--- START ---

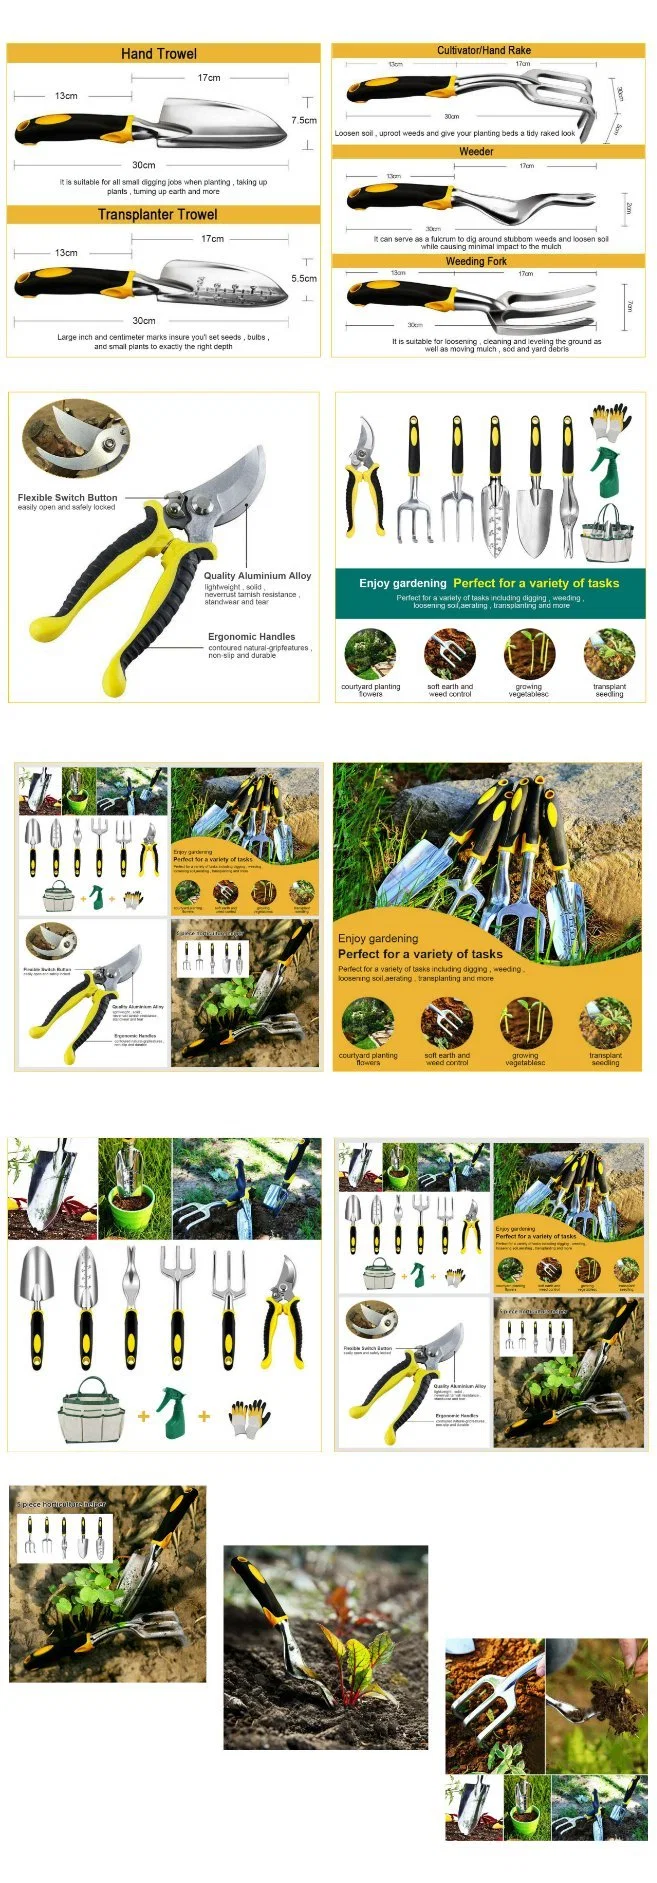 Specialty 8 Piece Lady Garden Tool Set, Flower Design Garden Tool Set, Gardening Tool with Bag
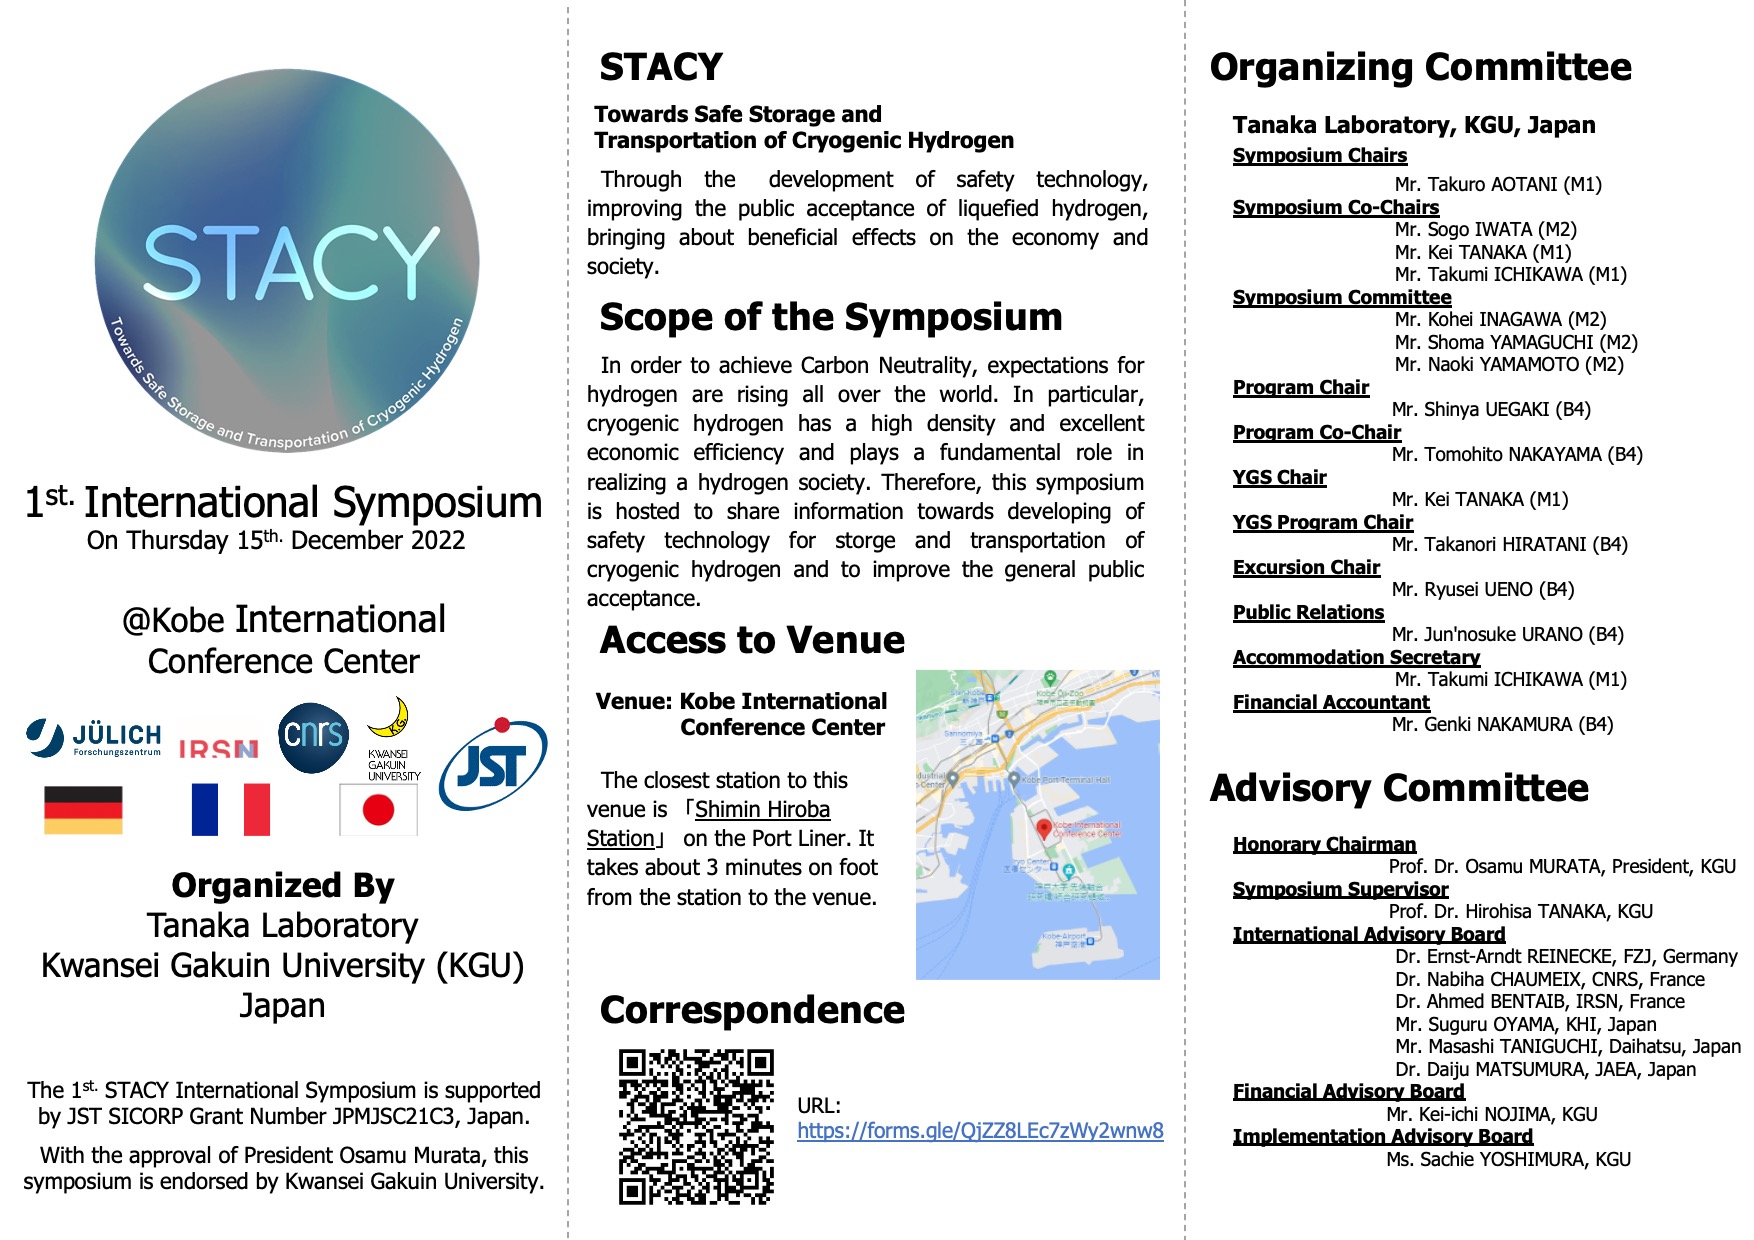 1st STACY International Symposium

--- END ---
--- START ---

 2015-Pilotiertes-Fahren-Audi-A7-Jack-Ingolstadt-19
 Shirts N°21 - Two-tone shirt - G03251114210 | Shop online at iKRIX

--- END ---

- DIRECTIONS -
Among the records above, repeat exactly the line with "2015-Pilotiertes-Fahren-Audi-A7-Jack-Ingolstadt-19", the line with "Shirts N°21 - Two-tone", and every line in between, and only those.

- SOLUTION FOR THIS TASK -
 2015-Pilotiertes-Fahren-Audi-A7-Jack-Ingolstadt-19
 Shirts N°21 - Two-tone shirt - G03251114210 | Shop online at iKRIX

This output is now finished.